OpenAI's Codex Is Growing Up Fast—And Getting Weird
OpenAI's latest Codex updates add browser control, AI-reviewed approvals, and... animated pets? A look at where AI coding tools are actually heading.
Written by AI. Marcus Chen-Ramirez

Photo: AI. Tomoko Hayashi
OpenAI has been quietly shipping a ridiculous number of updates to Codex over the past few weeks, and the cumulative effect is kind of fascinating. Not because any single feature is revolutionary—most of them aren't—but because the update velocity and the sheer range of capabilities suggest something bigger than incremental improvement. Codex is trying to become an entire coding platform, not just a better autocomplete.
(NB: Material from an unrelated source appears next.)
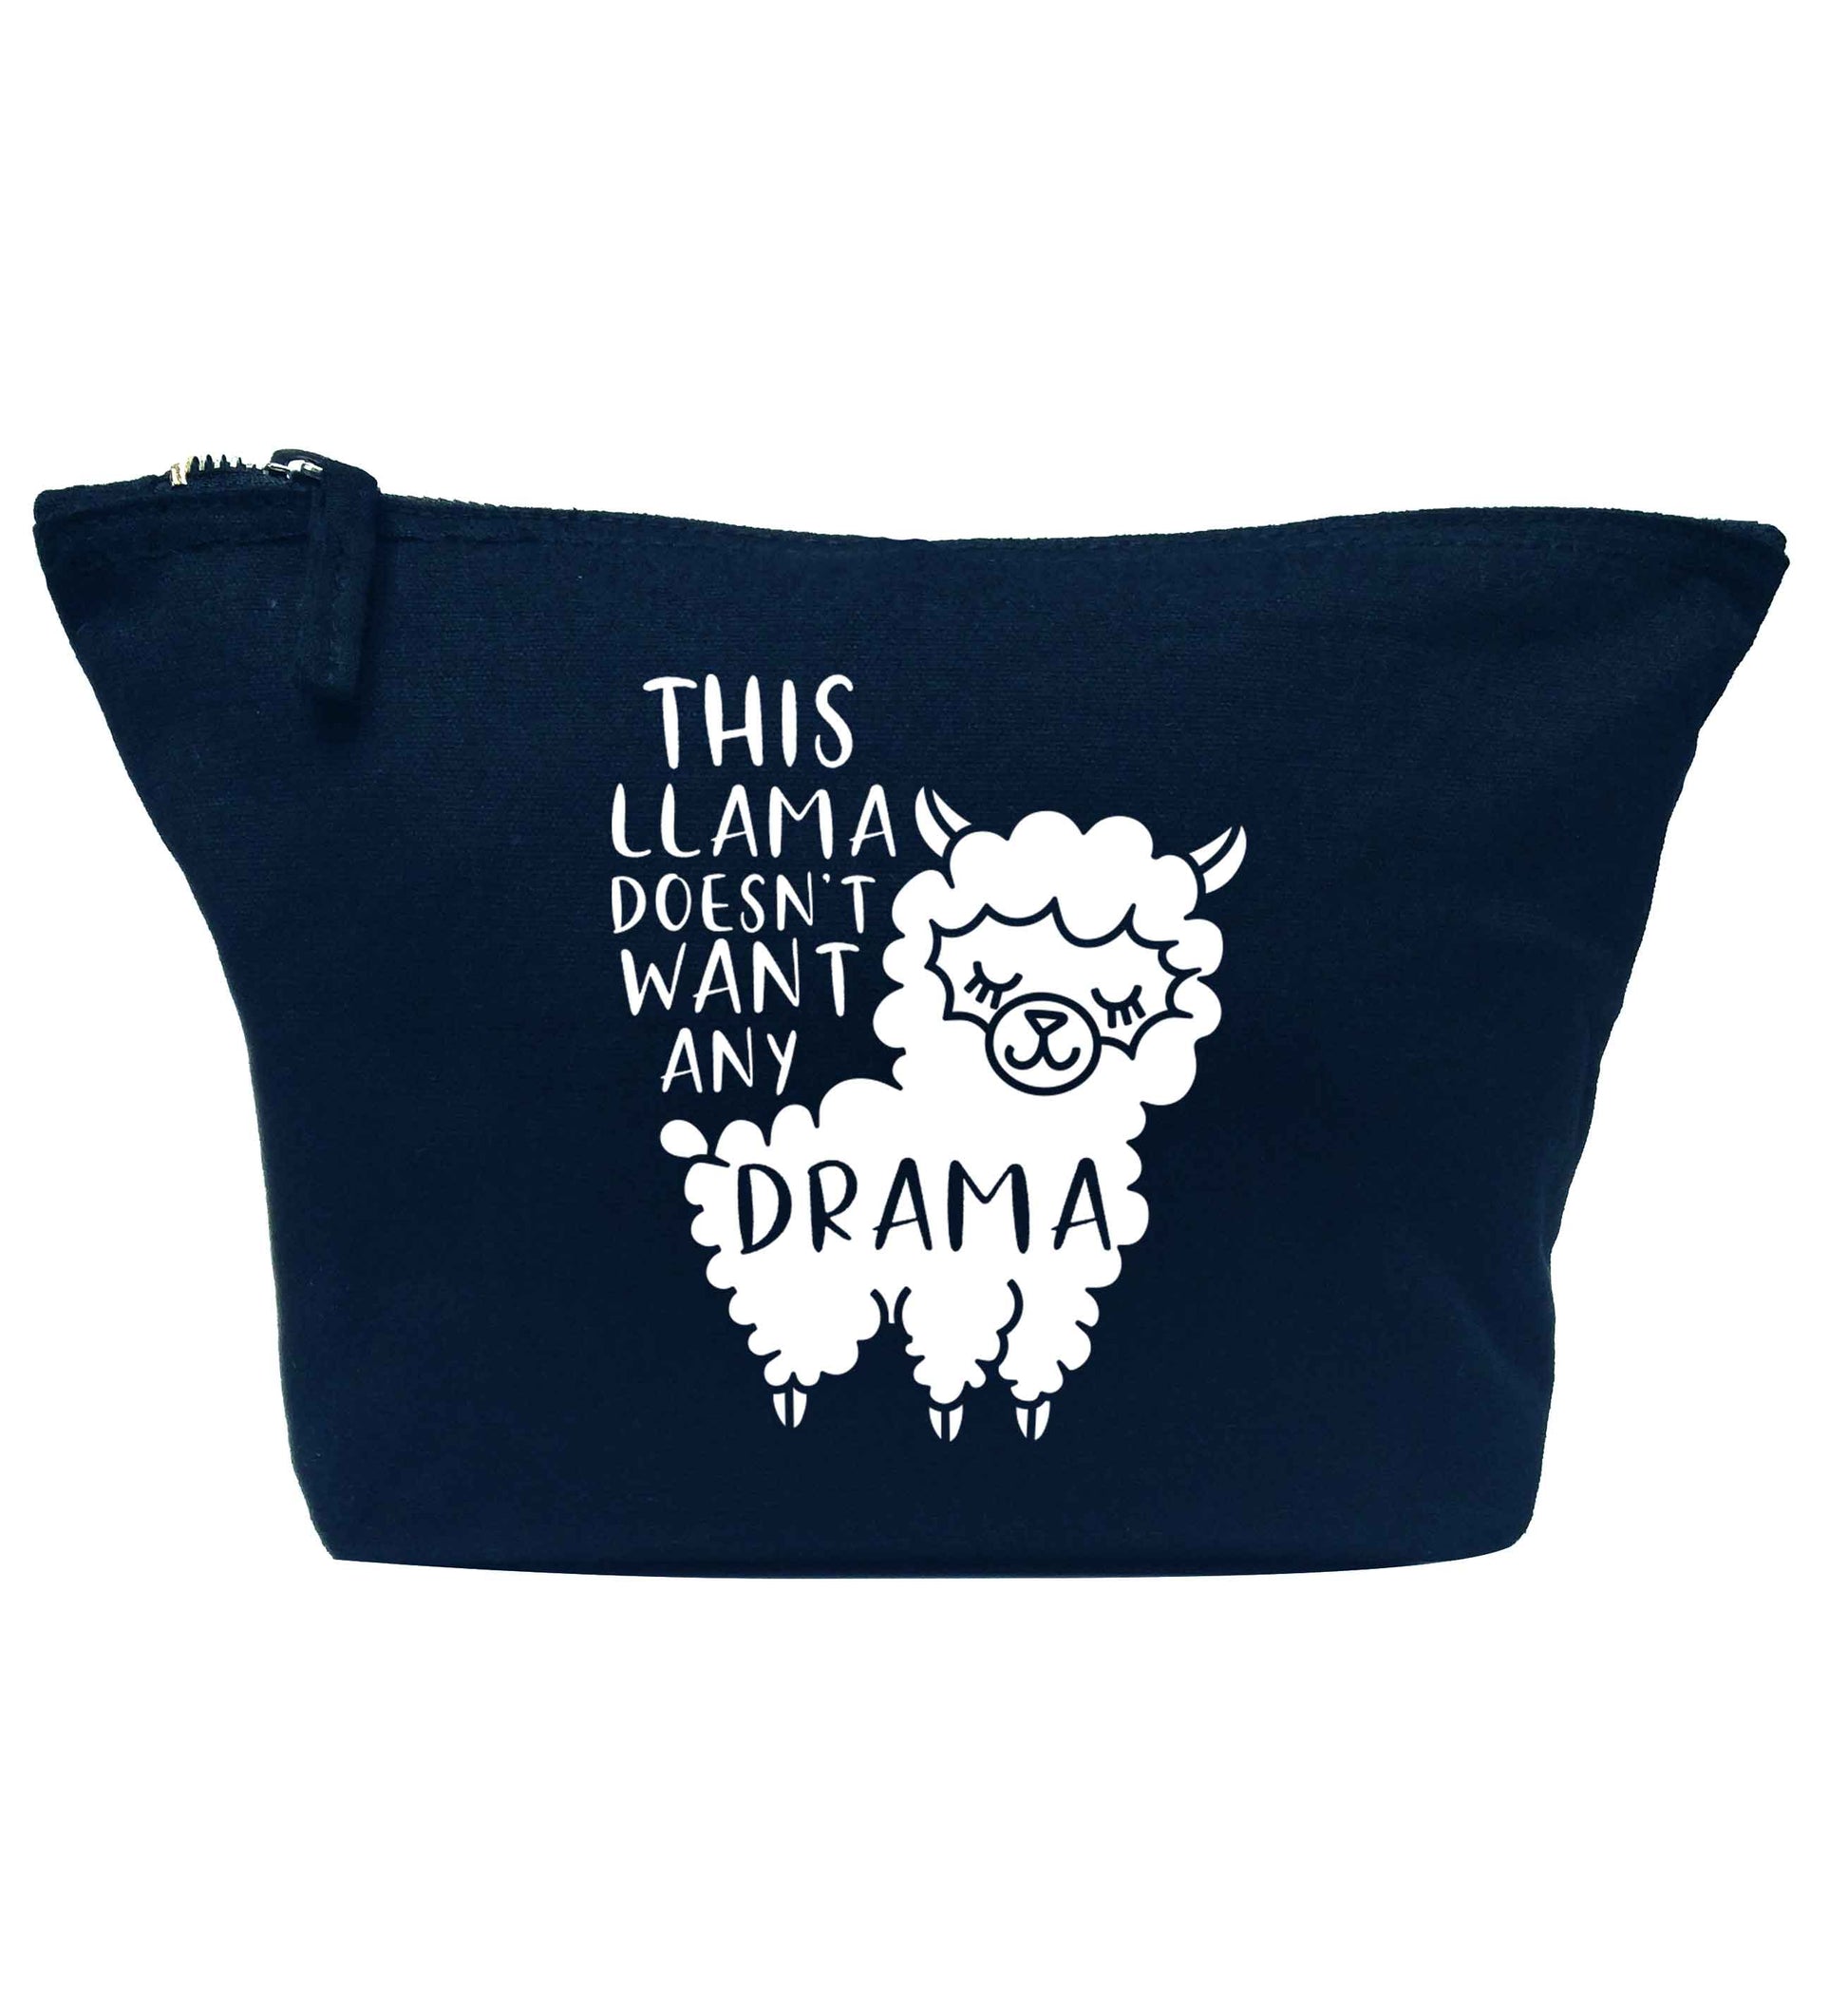 This Llama doesn't want any drama navy makeup bag

AICodeKing's recent walkthrough of these updates is useful not for what it celebrates, but for what it reveals about where AI coding tools are actually heading. And it's messier, more ambitious, and weirder than you might expect.
The Desktop App Gets Serious (Mostly)
The foundational shift happened with Codex's desktop app refresh, which moved the tool from "basically a wrapper around the CLI" to something that wants to be your primary coding workspace. The headline feature: an in-app browser that lets Codex open local dev servers, let you annotate what's wrong with the UI, and then fix those issues.
This matters more than it sounds. Most AI coding tools can edit files all day long, but they're flying blind when it comes to what the application actually looks like. They can change your CSS, tweak your React components, adjust your layout—but they can't verify whether the result is good, broken, or hilariously off-brand. Browser integration closes that loop.
Codex also added macOS computer control, so it can see, click, and type inside native applications. That's useful for the kinds of bugs that don't have a clean terminal solution—GUI settings, simulator workflows, app-specific configuration.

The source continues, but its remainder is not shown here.